In this binary simulation task, we simulate 20K random sequences of length 1 Kbp with 2-4 embedded instances of the TAL1 motif. In the positive set of 10K sequences, the motif instances are embedded in the central 150bp. The negative set of 10K sequences, contain embedded motif instances at any random position. To solve this simulation, the model needs to learn localization differences of the motif instances.

### Multiple Motif Detection 

In this simulation of multiple co-binding TFs, we simulate 20K 500 bp random sequences. For each sequence, we independently embed 0 or 1 instance of motifs corresponding to 3 TFs: CTCF, ZNF143, and SIX5 (See SM).
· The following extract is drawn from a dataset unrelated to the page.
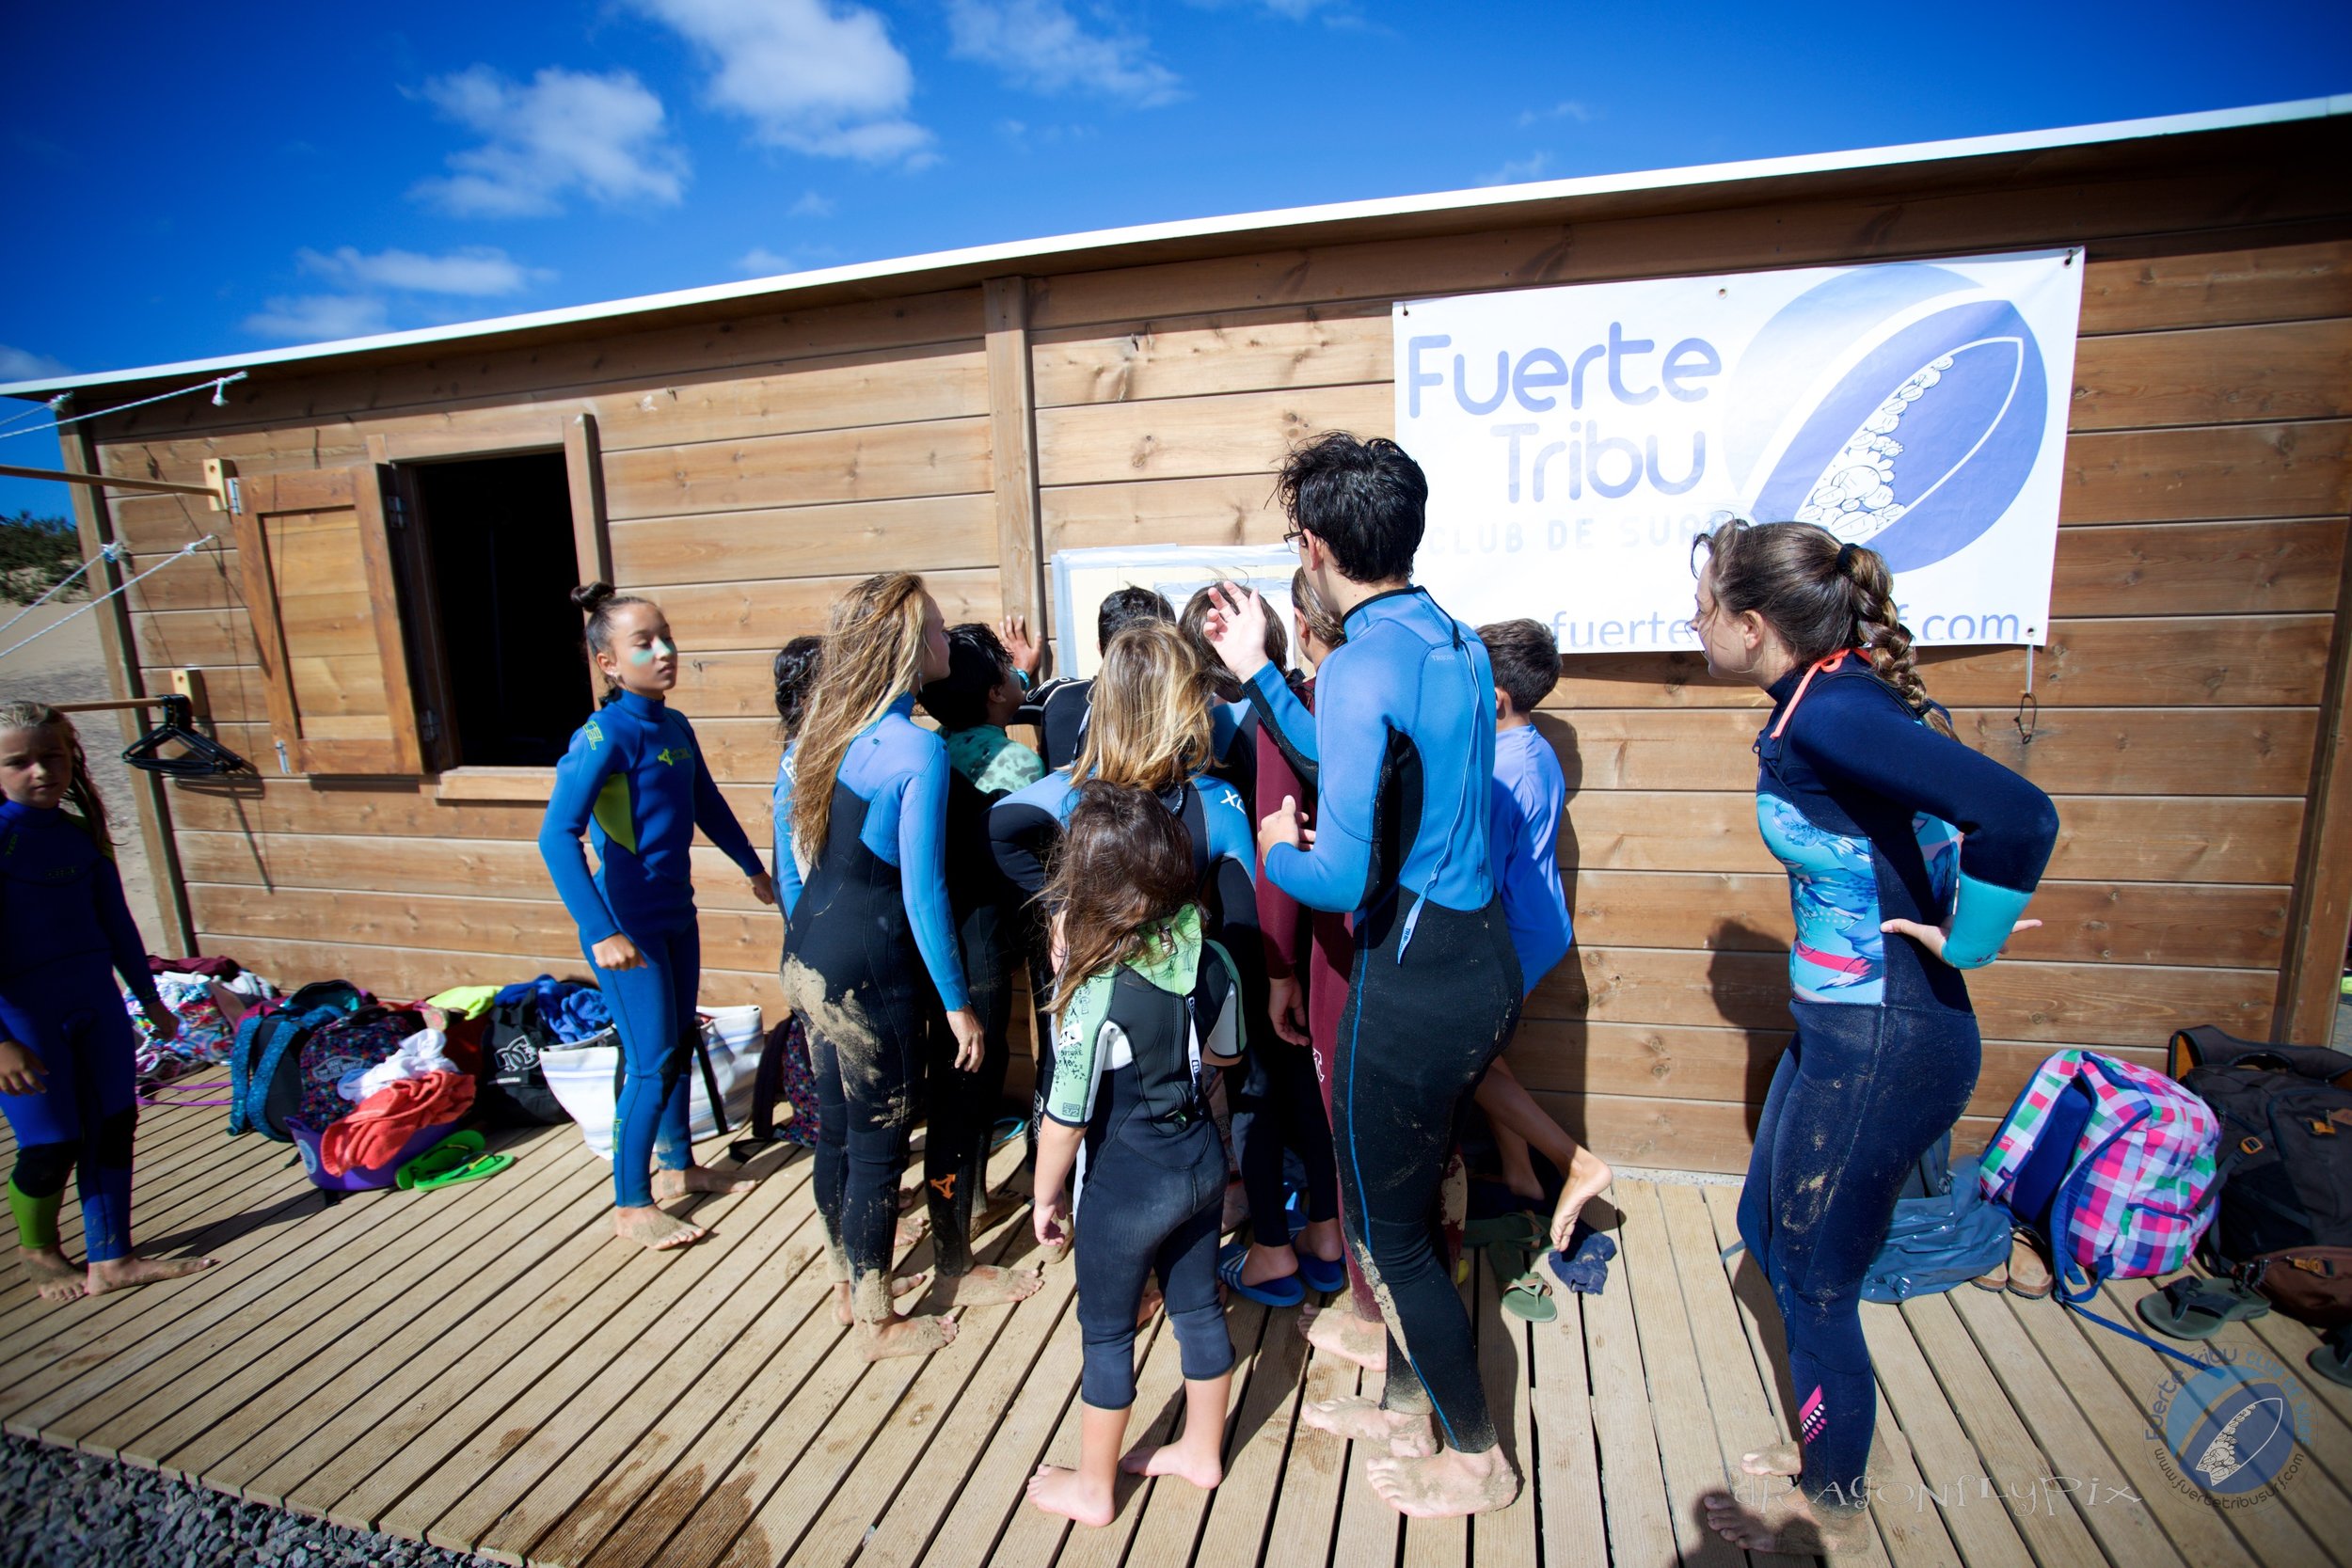 FUERTETRIBU INTRACLUB SURF CAMPEONATO KIDSIMG 0239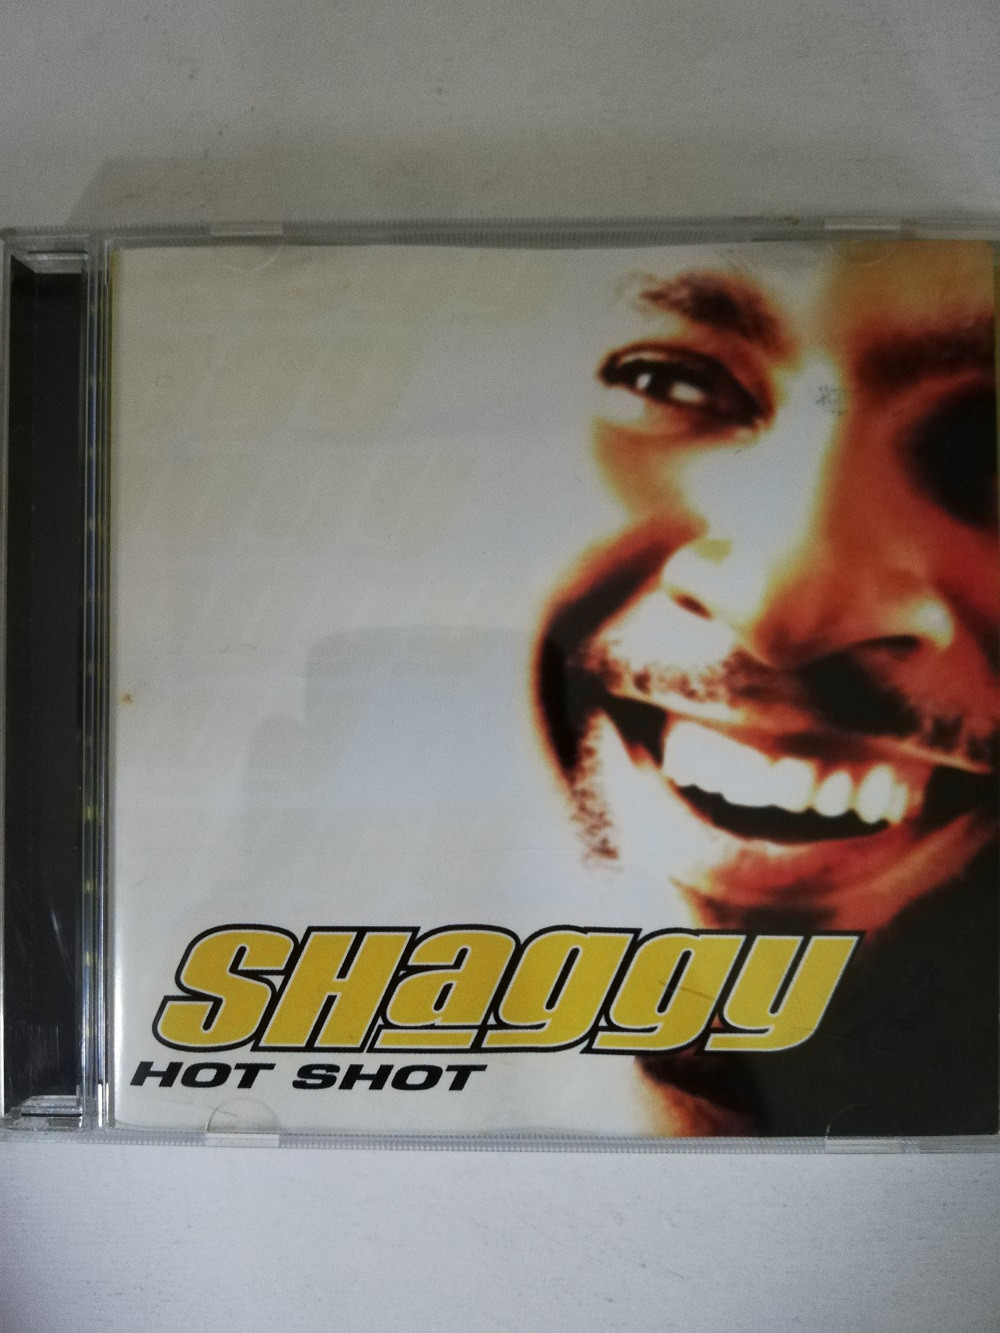 Imagen CD SHAGGY - HOT SHOT

Each sequence has binary labels for 3 tasks corresponding to the presence/absence of a motif instance of each of the three TFs. We train a multitask CNN such as that the last layer of the model now has three output logistic neurons corresponding to the three separate tasks. To solve this simulation, the model needs to detect all three motifs while sharing parameters.

### Heterodimer Motif Grammar 

In this binary simulation task, we simulate 20K 500 bp random sequences with one instance of an SPI1 motif and one instance of an IRF motif
32(See SM). In the positive set of 10K sequences, the pair of motifs are embedded with a relative spacing of 2-5 bp between each other, at any random position in each sequence. In the negative set, the pair of motifs are both randomly embedded with no positional or spacing constraints. To solve this simulation, the model needs to detect both motifs and learn the spacing constraint between them in the positive set. For this simulation, an architecture with a single convolutional layer does not perform well (results not shown). Hence, we use a reference architecture with 3 convolutional layers. Each convolutional layer has 15 filters (size 15, stride 1) and ReLU-non-linearity, followed by max-pooling (size 35, stride 35), followed by a fully connected layer with sigmoid non-linearity for binary classification.

We start with a simple reference CNN architecture that contains a convolutional layer with 10 convolutional filters (size 15, stride 1) and ReLU activations, followed by max-pooling (size 35,stride 35), followed by a fully connected layer with a logistic output neuron for binary classification. Models are trained using the Adam optimizer with early stopping after 7 consecutive epochs without validation loss improvement. Performance (auROC) is recorded on an the independent test set.

We then systematically vary the number of training examples, size of convolutional filters, number of convolutional filters and size of max pooling to understand the impact of these hyperparameters on prediction performance for each of the simulations.